The medical social networking site's shares have seen an increase of 12.05% over the last month, surpassing the Medical sector's gain of 1.44% and the S&P 500's gain of 2.06%.
The investment community will be closely monitoring the performance of Doximity in its forthcoming earnings report. The company's upcoming EPS is projected at $0.26, signifying a 18.18% increase compared to the same quarter of the previous year. Meanwhile, the latest consensus estimate predicts the revenue to be $127.05 million, indicating a 11.83% increase compared to the same quarter of the previous year.
For the full year, the Zacks Consensus Estimates are projecting earnings of $1.05 per share and revenue of $520.23 million, which would represent changes of +10.53% and +9.43%, respectively, from the prior year.
Any recent changes to analyst estimates for Doximity should also be noted by investors. These recent revisions tend to reflect the evolving nature of short-term business trends. As such, positive estimate revisions reflect analyst optimism about the company's business and profitability.
Empirical research indicates that these revisions in estimates have a direct correlation with impending stock price performance. Investors can capitalize on this by using the Zacks Rank. This model considers these estimate changes and provides a simple, actionable rating system.
The Zacks Rank system, which varies between #1 (Strong Buy) and #5 (Strong Sell), carries an impressive track record of exceeding expectations, confirmed by external audits, with stocks at #1 delivering an average annual return of +25% since 1988. Within the past 30 days, our consensus EPS projection remained stagnant. Right now, Doximity possesses a Zacks Rank of #3 (Hold).

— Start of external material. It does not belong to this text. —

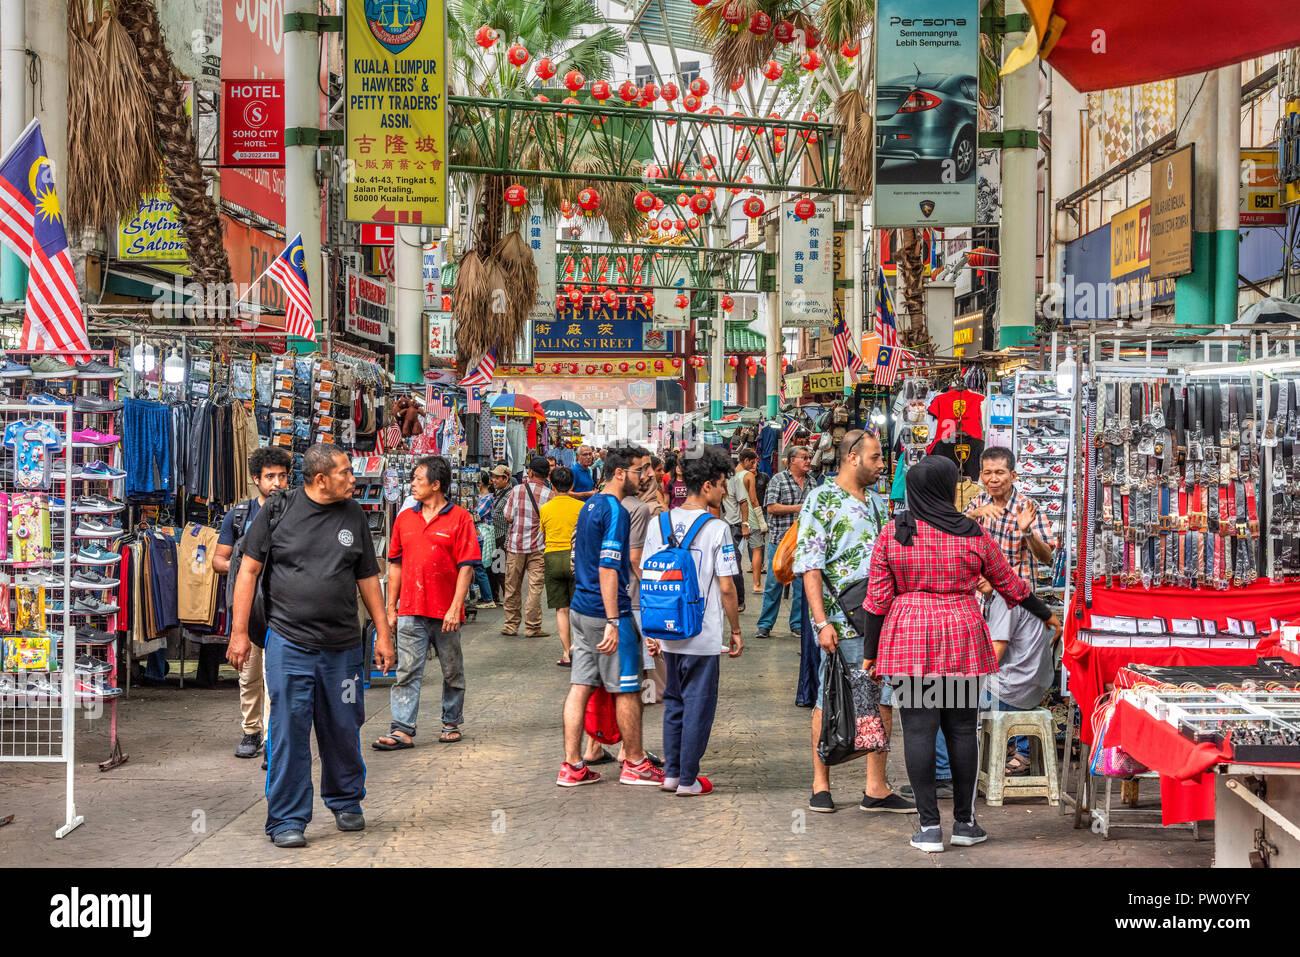 Petaling Street, Chinatown, Kuala Lumpur, Malaysia - Stock Image

Looking at valuation, Doximity is presently trading at a Forward P/E ratio of 38.57. This expresses a premium compared to the average Forward P/E of 20.94 of its industry.

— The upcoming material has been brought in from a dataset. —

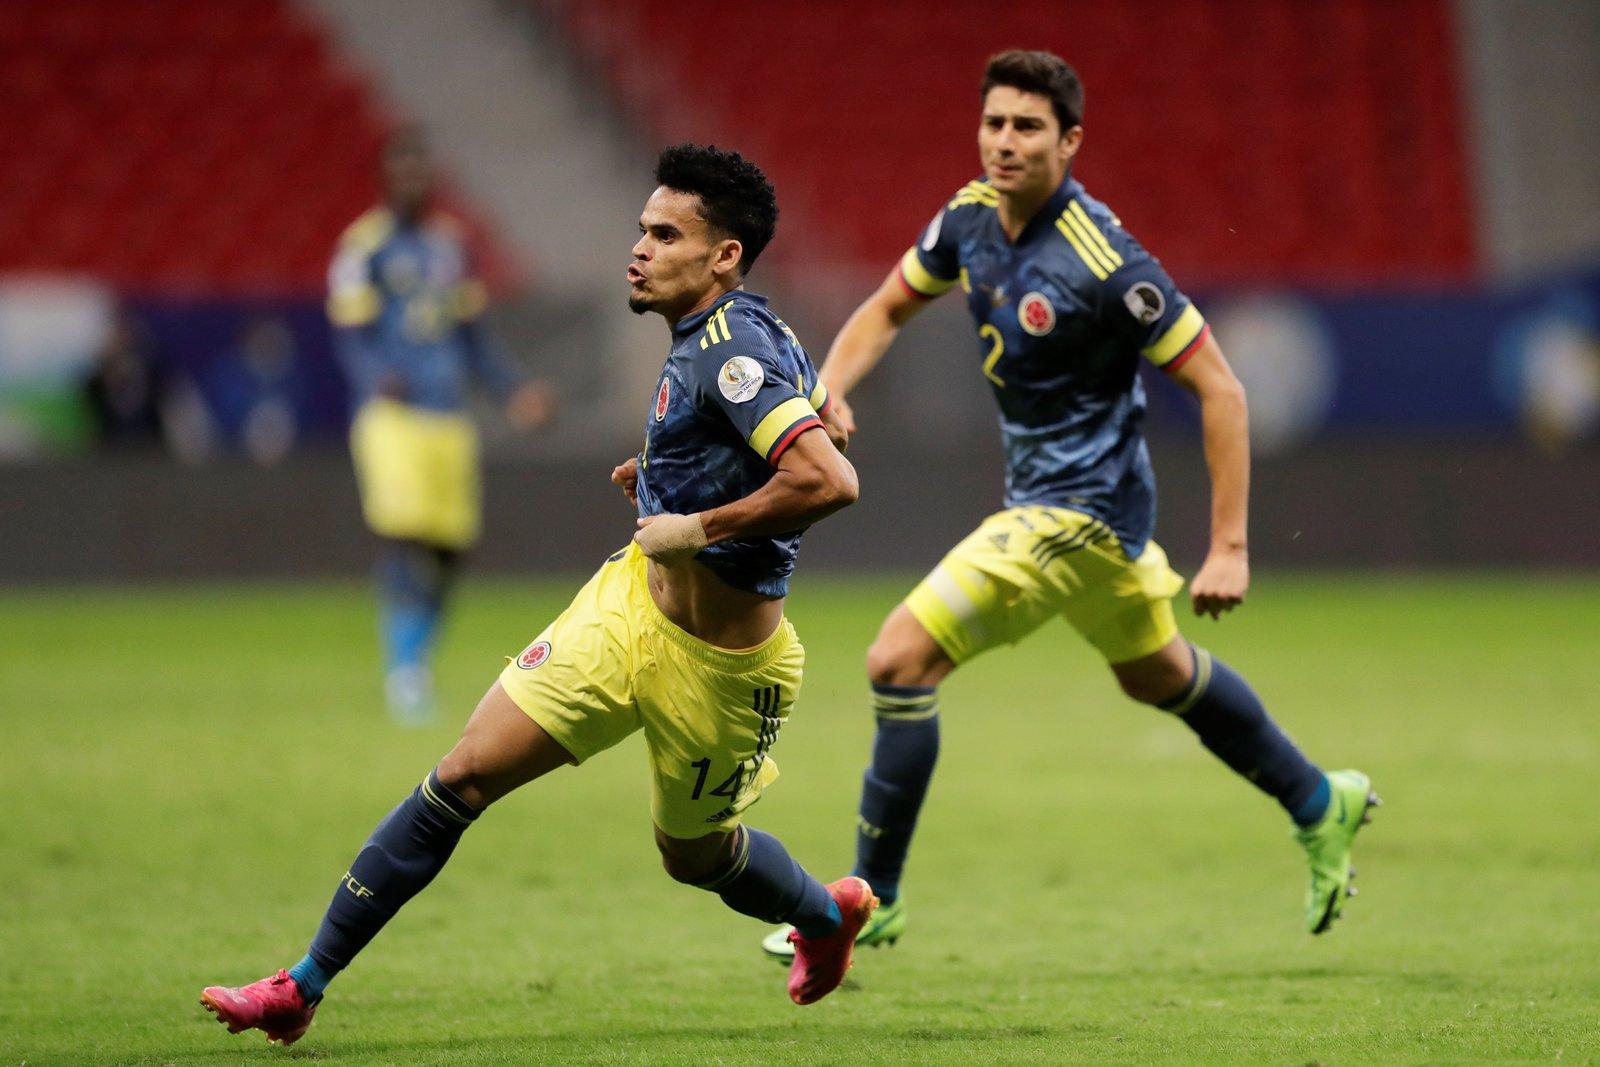 Un doblete de Luis Díaz le da a Colombia el tercer puesto en la Copa América

It's also important to note that DOCS currently trades at a PEG ratio of 4.29. Comparable to the widely accepted P/E ratio, the PEG ratio also accounts for the company's projected earnings growth. DOCS's industry had an average PEG ratio of 1.86 as of yesterday's close.
The Medical Services industry is part of the Medical sector. This industry, currently bearing a Zacks Industry Rank of 162, finds itself in the bottom 36% echelons of all 250+ industries.
The Zacks Industry Rank gauges the strength of our individual industry groups by measuring the average Zacks Rank of the individual stocks within the groups. Our research shows that the top 50% rated industries outperform the bottom half by a factor of 2 to 1.
Don't forget to use Zacks.com to keep track of all these stock-moving metrics, and others, in the upcoming trading sessions.